--- Data provided ---

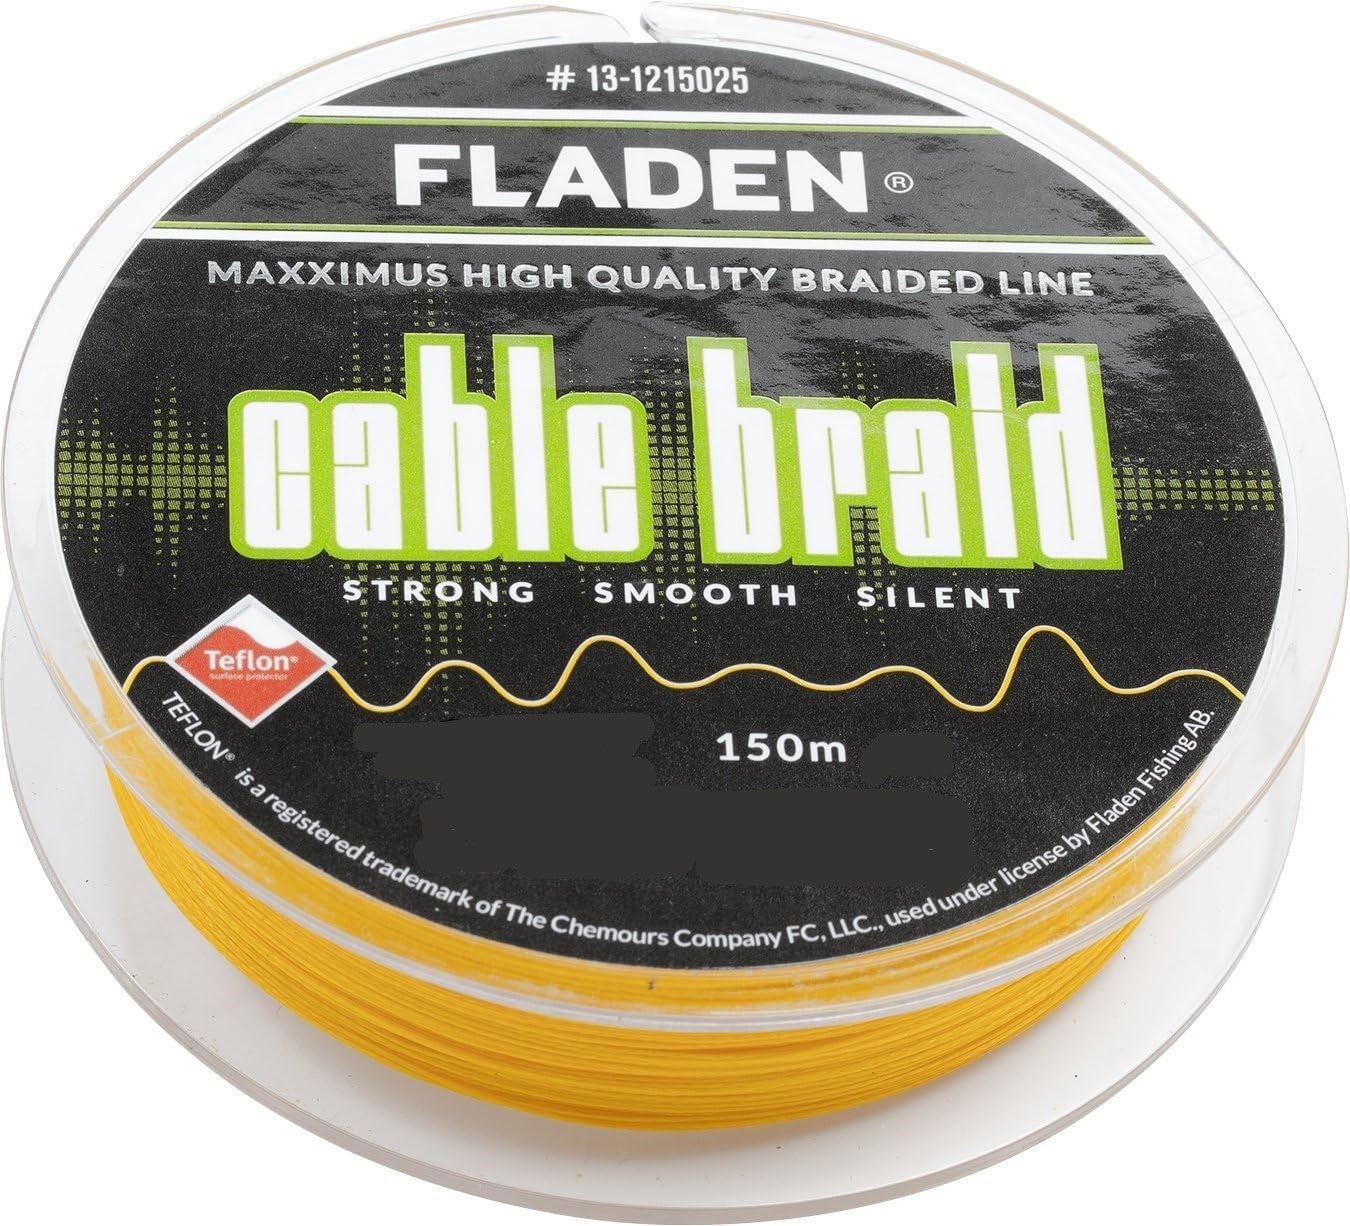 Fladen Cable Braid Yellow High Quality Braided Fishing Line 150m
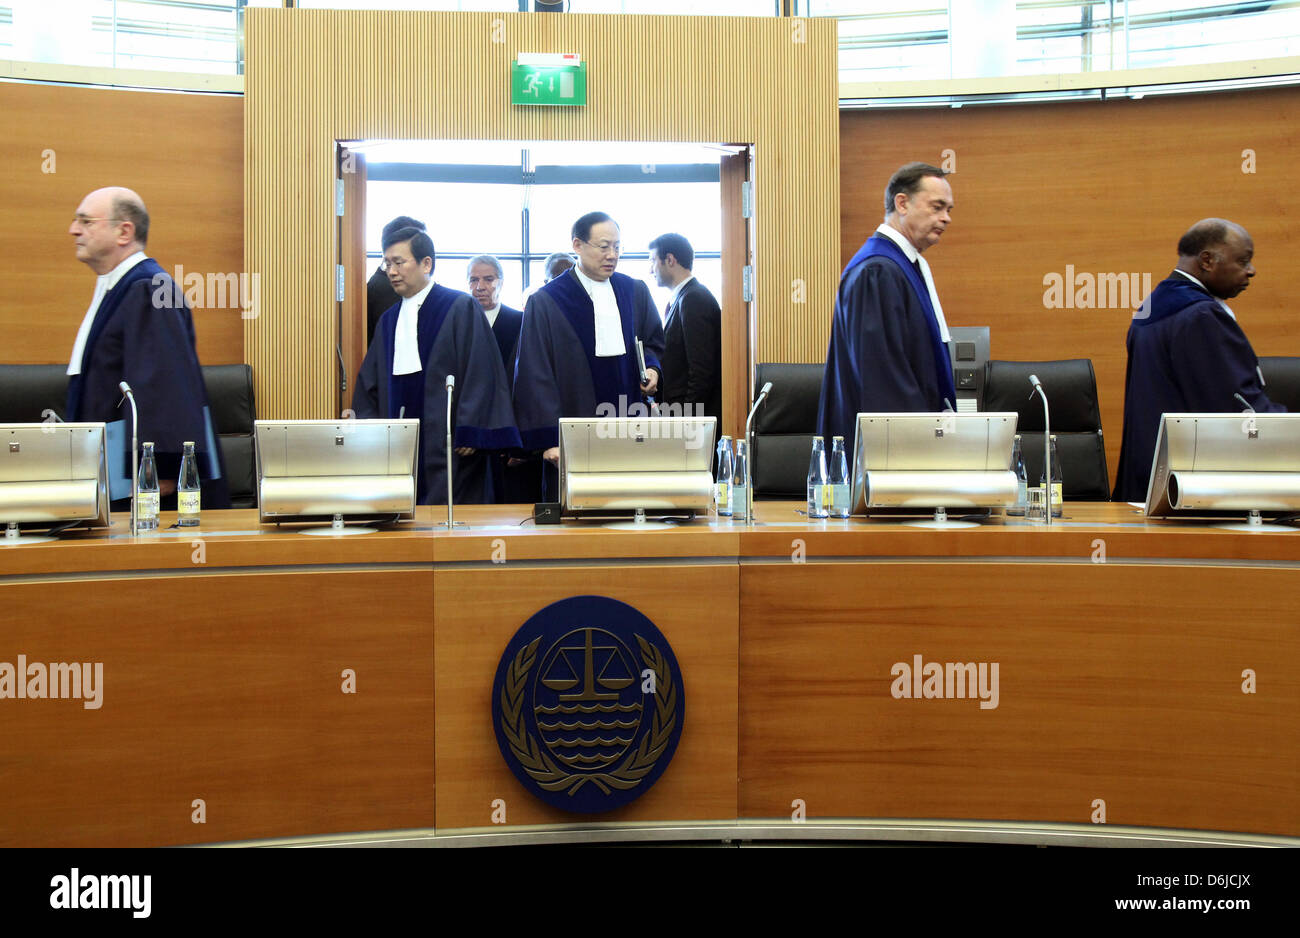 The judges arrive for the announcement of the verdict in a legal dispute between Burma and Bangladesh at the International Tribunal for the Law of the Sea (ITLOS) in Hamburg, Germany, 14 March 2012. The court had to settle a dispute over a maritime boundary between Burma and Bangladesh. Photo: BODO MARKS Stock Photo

---
--- Data provided ---

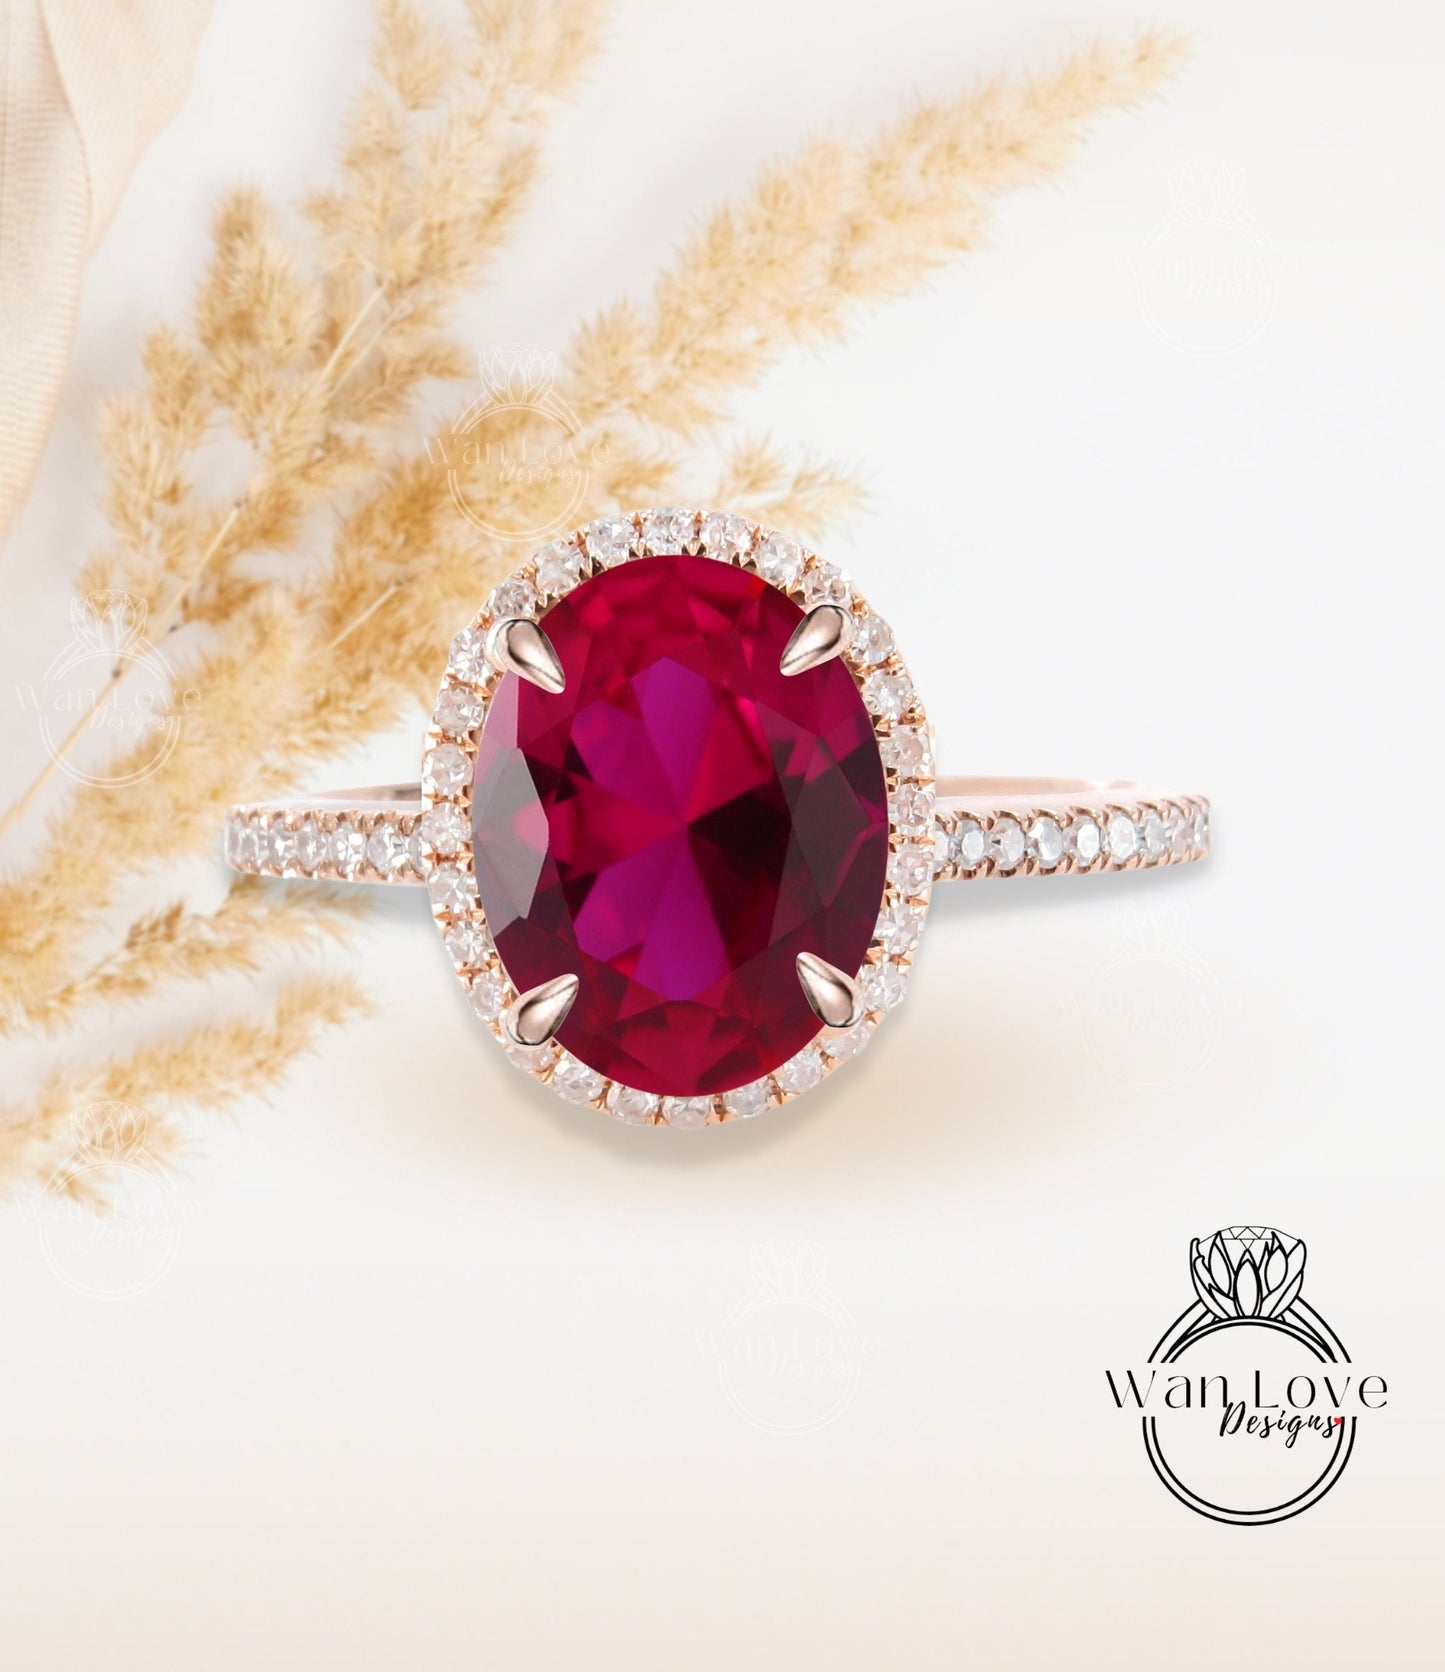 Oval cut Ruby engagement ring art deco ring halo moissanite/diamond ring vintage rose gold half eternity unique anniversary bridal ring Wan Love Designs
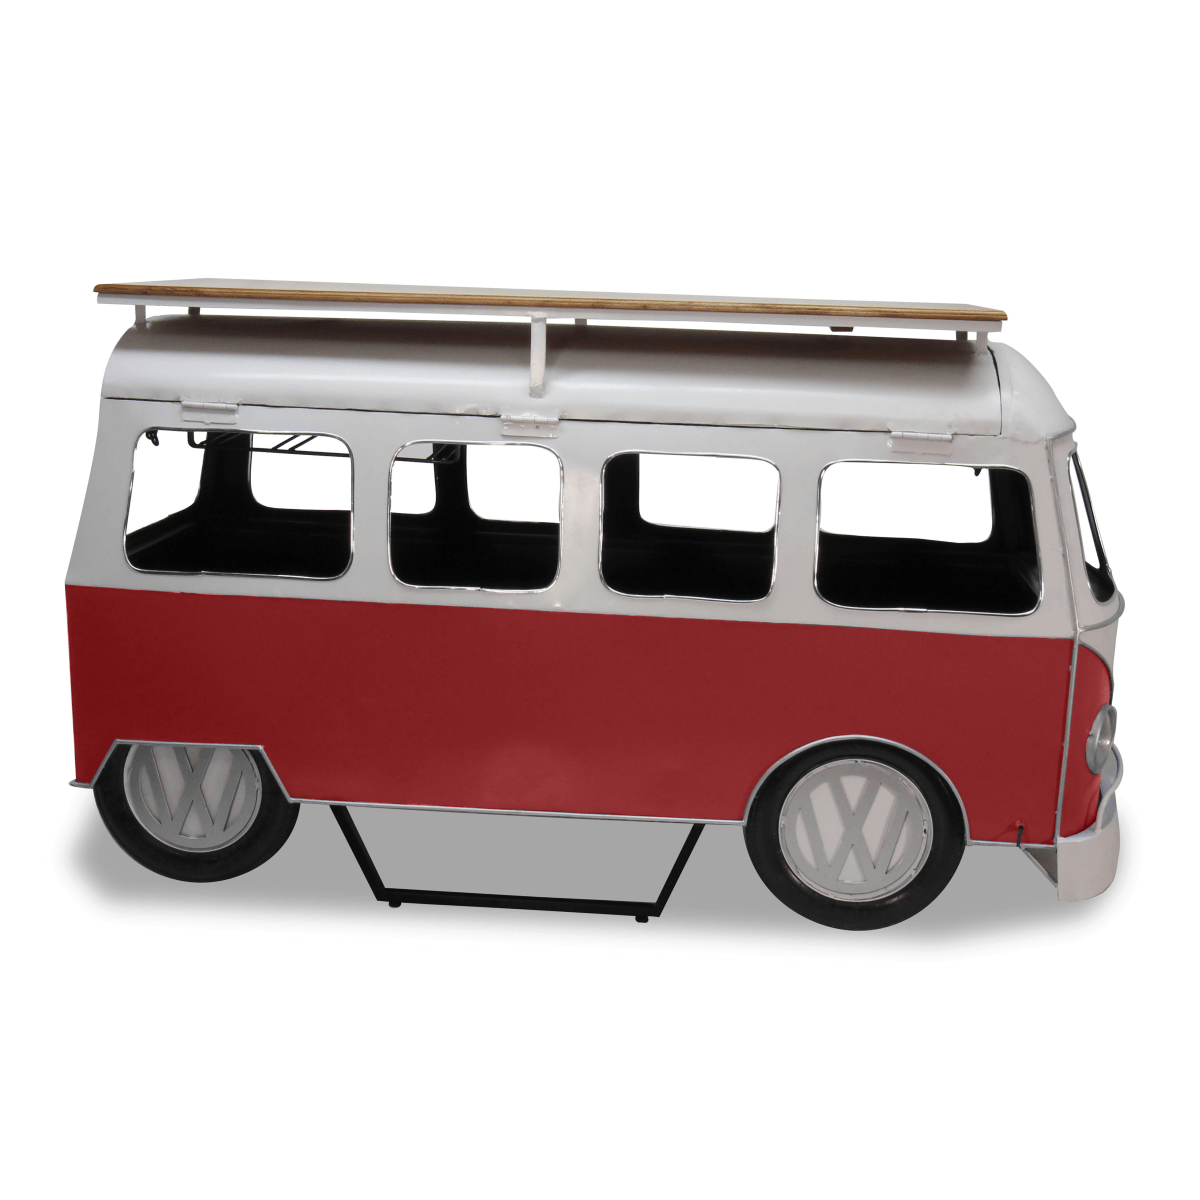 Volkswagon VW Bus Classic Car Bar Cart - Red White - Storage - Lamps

---

Above are some records. Reproduce the lines from the one with "Oval cut Ruby" down to the one with "Volkswagon VW Bus", keeping both, and leave every picture out.

 Oval cut Ruby engagement ring art deco ring halo moissanite/diamond ring vintage rose gold half eternity unique anniversary bridal ring Wan Love Designs
 Volkswagon VW Bus Classic Car Bar Cart - Red White - Storage - Lamps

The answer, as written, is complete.